It's lunchtime and the day job is today's blog; so much for relaxing and using blogfoolery to ensure yours truly deeply madly takes a break. The newspapers are full of stories about people being made redundant, losing their jobs and it is cutting across every sector and every level of position - no matter where you are on the corporate success ladder, it's a long way down from any rung. When I studied business improvment for my MSc, we learned about supply chain management, lean manufacturing and the theory of constraints; well folks when the supply chain breaks down, the food chain isn't too far behind.

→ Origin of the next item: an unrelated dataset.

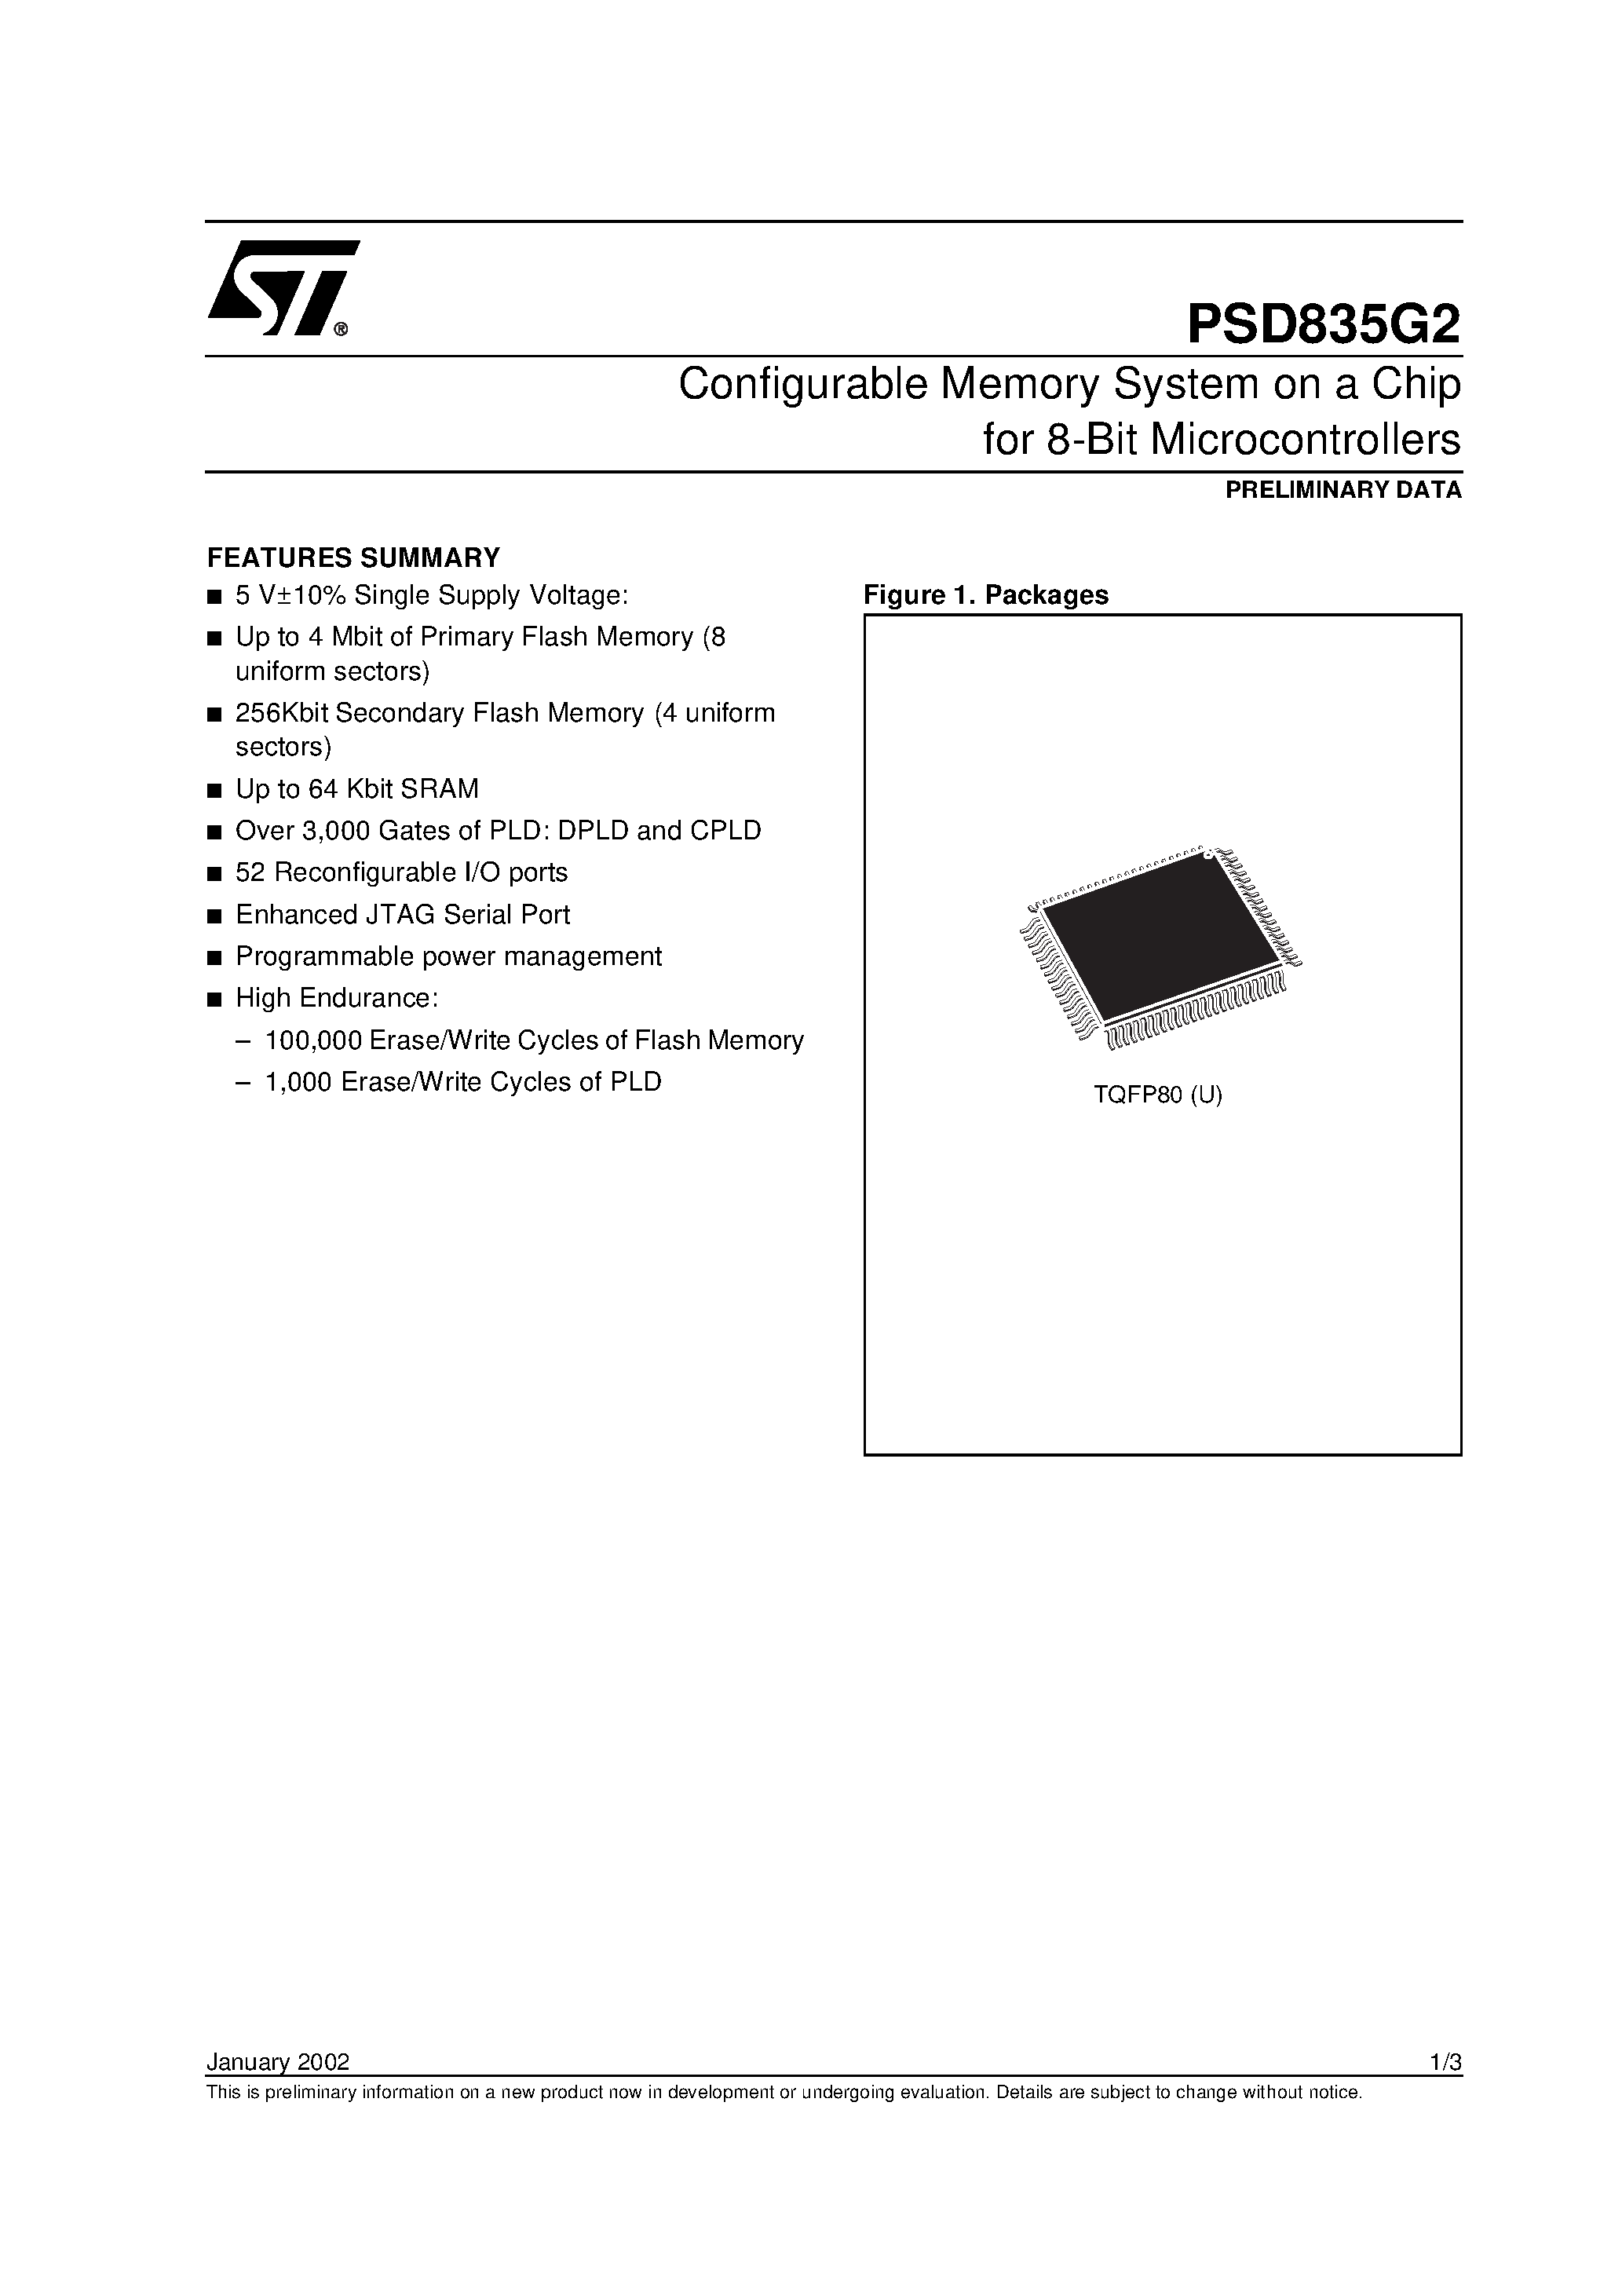 Datasheet PSD835F2-A-15U - Configurable Memory System on a Chip for 8-Bit Microcontrollers page 1

We are working to support the newly unemployed, those with their first taste of being in that position of not having a job to go to and the despair that goes along with not knowing how they will deal with the personal financial stuff and not least the emotional impact of loss of status. I have been giving this a lot of thought and while my day job focuses on supporting services that meet the needs of the long-term unemployed, economically inactive and workless within the hardest to reach, hardest to help/vulnerable groups, I an others have realised that unless we act to support those new entrants to the unemployed market, they will very quickly become our traditional customer. Call it the rust factor and unlike a shiny car with all the fancy finishes and warranties and rust proofing and special paint, being unemployed cause the rust to set in very quickly - not months but weeks.
Our approach to the newly unemployed needs to be similar in terms of the skills we need to support them in their job search, stuff like application forms, CV's, interview preparation and the other bread and butter stuff around confidence and self-esteem. However, before we can do any of that we need to go back to business basics and look at how we deal with expectations in a tighter labour market and what the market will or won't support.
This is going to be the hardest thing for many highly, skilled, qualified, experienced to take - the fact that what they had to offer a year ago has become so devalued in the current climate. That reality is going to need to bite PDQ and we are in the era of survival jobs - transferable skills or no transferable skills the biggest leap that many newly unemployed are going to have to take is that work will mean minimum wage or just above, limited progression routes, unsociable hours/shift patterns and perhaps boring repititive work.
Working with people already devastated by losing their job and all the other personal sense of worth accoutrements that go hand in hand with having a job, will be a tough enough job for those of us working to support them; selling the new labour alternative (pun maybe a wee bit intended) is going to take more work.
So there you are that is the punch in my lunch for today. We need resources to work with our traditional client group and we need additional resources to work to prevent major inflows into long-term unemployment. Unemployment, it's coming to a dole queue near you.
For many unemployment is something they never really expected to happen to them.
ReplyDeleteIt is very scary when those who have played by all the rules, got the education, worked hard, and still get laid off.
It just happened to my very qualified, PHD Scientist daughter.